Born This Day: Musical movers and shakers sharing an April 11 birthday include early Jazz musician Nick LaRocca (1889); Pop and Jazz music's first African-American personal manager (and also a noted Jazz bassist) John Levy (1912); composer of Rock classic "Louie Louie," Richard Berry (1935); original member of The Specials (and singer in Special Beat with The English Beat's Ranking Roger) Neville Staple (1955); late singer/guitarist for one hit wonders Big Country ("In a Big Country") Stuart Adamson (1958); co-founder of Gin Blossoms (who later committed suicide after leaving the band) Doug Hopkins (1961); British Soul/Pop vocalist Joss Stone (1987); and singular actor/musician Vincent Gallo (1962).

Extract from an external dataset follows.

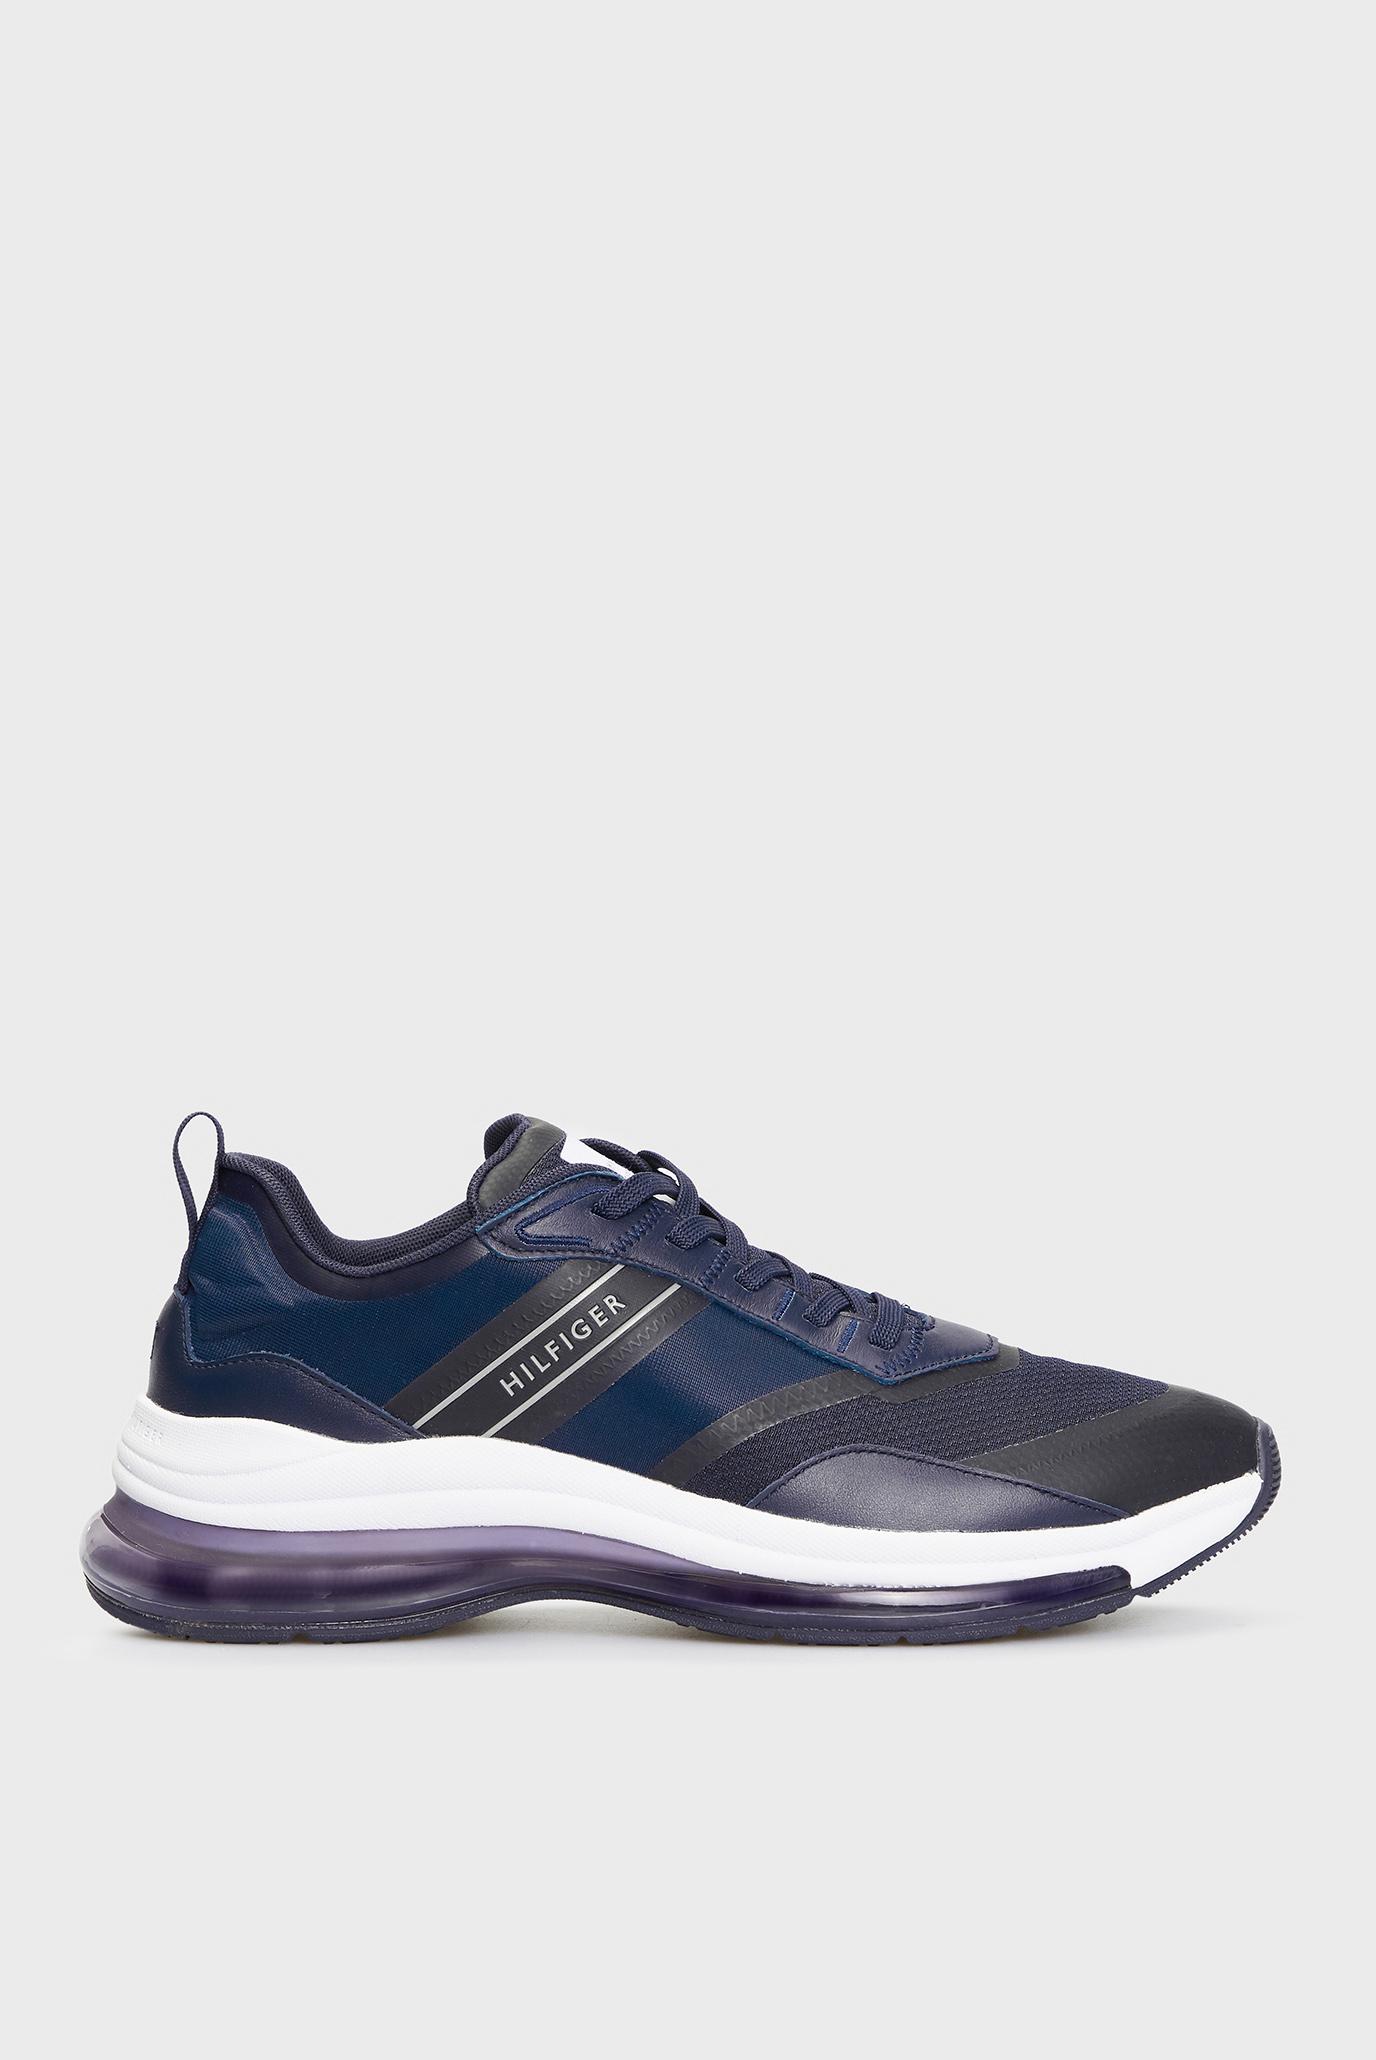 Мужские синие кроссовки AIR RUNNER 1

Gallo is best known as an indie film actor with a public persona so over the top, many find him obnoxious. Though he's never had a mainstream breakthrough (in part thanks to his refusal to go the Nic Cage route and make shitty, big-budget craptaculars just for the paycheck), he remains one of America's great underrated actors. And his stellar feature Buffalo ’66 (in which he starred and directed and wrote) is one of the best twisted RomComs of all time, second perhaps only to Billy Wilder's The Apartment. Hopefully he'll make another masterpiece at some point. But his experimental streak seems pretty domineering.

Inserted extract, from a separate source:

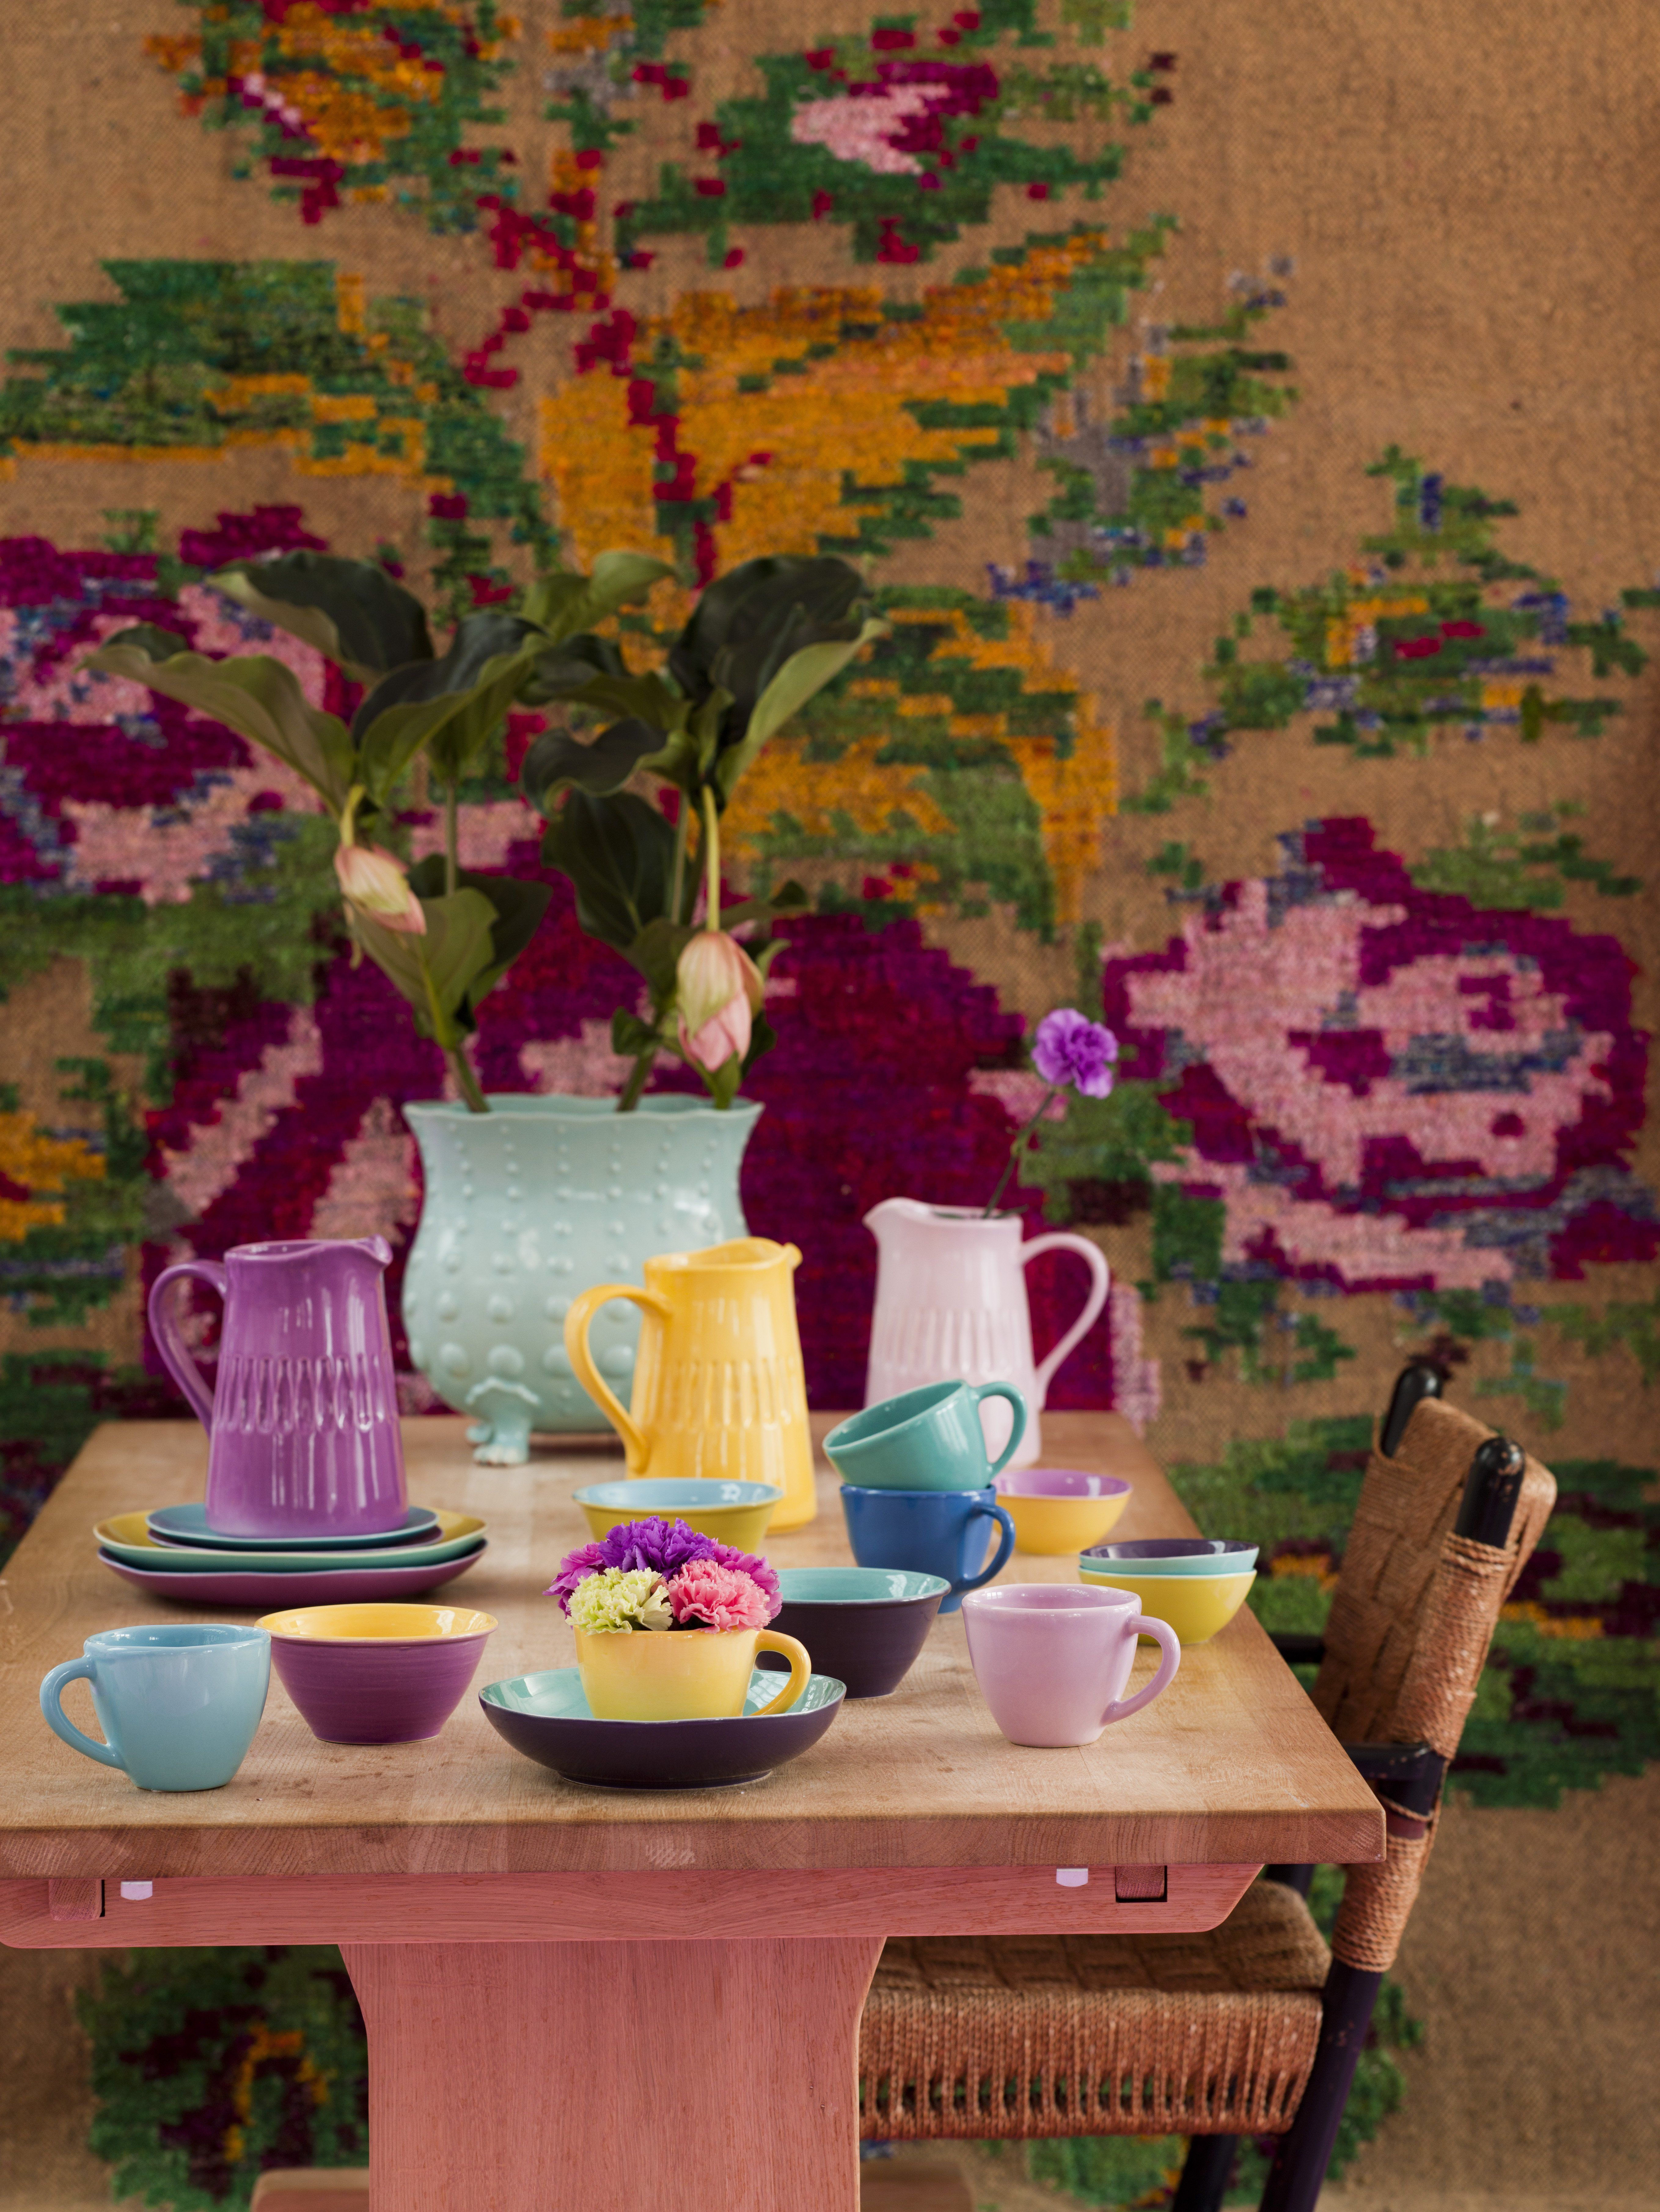 RICE Ceramics Tableware from Portogal

Gallo has been as adventurous in his musical work as he has in celluloid. When Gallo moved to NYC in the ’70s, he played in a band with art legend Jean Michel Basquiat and later performed in other groups and as a solo artist. He continued to write music for his films (notably Brown Bunny and Buffalo) and has put out a few releases on U.K. electronic/experimental label, Warp Records.
Gallo has directed music videos (including John Frusciante's "Going Inside") and appeared in several clips as well, the most famous being Jay-Z's "99 Problems."
In 2005, Gallo curated a weekend of show at the All Tomorrow's Parties festival in the U.K., booking Yoko Ono, Frusciante (Gallo, coincidentally, toured in 2001 with a band that included Frusciante's Chili Peppers replacement, Josh Klinghoffer) and Yoko Ono (Gallo and Ono's son Sean Lennon also made an album around that time that has yet to be released).
Here's the first song on his 2001 solo album When, "I Wrote This Song For the Girl Paris Hilton" (for no clear reason).
Dave Wakeling brings the current version of his legendary Ska-to-Pop band The English Beat to Oakley tonight to perform at the 20th Century Theater with special guests, Cincinnati's own Ska heroes The Pinstripes (who played with The Beat in Michigan last night as well). I wrote extensively about an interview I did with Wakeling a few years back when The Beat opened for 311 at Riverbend, one of the Top 5 highlights in my career as a music writer (my 13-year-old self is still in disbelief that my … much older self got to hang with one of our heroes). Read all about my fanboy dreams coming true here.
Tonight's show starts at 8 p.m. and tickets are $25.
Here's a playlist of some of The English Beat's finer moments (and a track from Wakeling's post-Beat band General Public, songs from which he also performs with his current band).
On this day in 1956, innovative guitar builder Leo Fender was awarded the patent for a "Tremolo Device for Stringed Instruments," commonly known as the "whammy bar." The device was misnamed — it's more accurately a vibrato bar (tremolo is a "wavering effect in a musical tone, produced by rapid reiteration of a note, by rapid repeated variation in the pitch of a note," according to the dictionary) — but that didn't stop musicians from using it in a variety of ways to create new sounds and techniques. The bar was introduced with Fender's Stratocaster, which was invented a couple of years earlier.
The Greater Cincinnati area has given the world two "twang bar kings" (or maybe "twang bar Picassos" is more appropriate) —pals and bandmates in The Bears, Adrian Belew and Rob Fetters.